(Data shown Opens)

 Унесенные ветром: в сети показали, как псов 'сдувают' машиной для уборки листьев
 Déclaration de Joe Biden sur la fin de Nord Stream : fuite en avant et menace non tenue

(Data shown Closes)
(Data shown Opens)

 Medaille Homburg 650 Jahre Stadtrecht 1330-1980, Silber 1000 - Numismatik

(Data shown Closes)

[Exercise description] Look above for the line with "Унесенные ветром: в" and the line with "Déclaration de Joe", and reproduce exactly those two lines plus every line between, nothing more.

[Response below]
 Унесенные ветром: в сети показали, как псов 'сдувают' машиной для уборки листьев
 Déclaration de Joe Biden sur la fin de Nord Stream : fuite en avant et menace non tenue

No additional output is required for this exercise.